**Task prompt:**
Among the lines below, restate word for word only those from the line with "hammer time drop" through the line with "kpop 2018 Stray", with both end lines kept.

**Source material:**

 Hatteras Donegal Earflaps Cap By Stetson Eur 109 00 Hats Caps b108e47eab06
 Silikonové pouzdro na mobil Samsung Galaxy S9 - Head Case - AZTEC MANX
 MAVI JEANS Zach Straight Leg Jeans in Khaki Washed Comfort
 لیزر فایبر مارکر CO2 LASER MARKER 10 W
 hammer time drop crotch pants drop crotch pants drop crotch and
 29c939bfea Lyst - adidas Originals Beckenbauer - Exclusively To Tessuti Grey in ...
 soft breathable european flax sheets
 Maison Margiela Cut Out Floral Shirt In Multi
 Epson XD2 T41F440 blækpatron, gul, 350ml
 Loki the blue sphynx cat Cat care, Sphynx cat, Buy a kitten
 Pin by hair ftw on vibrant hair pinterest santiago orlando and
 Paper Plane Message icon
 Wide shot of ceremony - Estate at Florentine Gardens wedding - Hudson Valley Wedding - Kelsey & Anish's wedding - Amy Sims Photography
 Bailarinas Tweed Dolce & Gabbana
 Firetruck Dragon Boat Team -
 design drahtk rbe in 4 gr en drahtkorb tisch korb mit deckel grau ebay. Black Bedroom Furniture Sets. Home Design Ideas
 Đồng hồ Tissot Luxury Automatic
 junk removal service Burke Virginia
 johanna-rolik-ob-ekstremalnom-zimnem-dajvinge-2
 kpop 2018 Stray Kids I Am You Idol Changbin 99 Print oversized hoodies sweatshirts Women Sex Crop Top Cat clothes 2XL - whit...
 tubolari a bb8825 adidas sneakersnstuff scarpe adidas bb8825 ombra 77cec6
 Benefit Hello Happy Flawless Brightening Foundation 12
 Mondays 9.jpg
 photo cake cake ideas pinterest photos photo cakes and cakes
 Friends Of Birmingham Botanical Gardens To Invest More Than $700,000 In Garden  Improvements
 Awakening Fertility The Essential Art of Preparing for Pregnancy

**Result:**
 hammer time drop crotch pants drop crotch pants drop crotch and
 29c939bfea Lyst - adidas Originals Beckenbauer - Exclusively To Tessuti Grey in ...
 soft breathable european flax sheets
 Maison Margiela Cut Out Floral Shirt In Multi
 Epson XD2 T41F440 blækpatron, gul, 350ml
 Loki the blue sphynx cat Cat care, Sphynx cat, Buy a kitten
 Pin by hair ftw on vibrant hair pinterest santiago orlando and
 Paper Plane Message icon
 Wide shot of ceremony - Estate at Florentine Gardens wedding - Hudson Valley Wedding - Kelsey & Anish's wedding - Amy Sims Photography
 Bailarinas Tweed Dolce & Gabbana
 Firetruck Dragon Boat Team -
 design drahtk rbe in 4 gr en drahtkorb tisch korb mit deckel grau ebay. Black Bedroom Furniture Sets. Home Design Ideas
 Đồng hồ Tissot Luxury Automatic
 junk removal service Burke Virginia
 johanna-rolik-ob-ekstremalnom-zimnem-dajvinge-2
 kpop 2018 Stray Kids I Am You Idol Changbin 99 Print oversized hoodies sweatshirts Women Sex Crop Top Cat clothes 2XL - whit...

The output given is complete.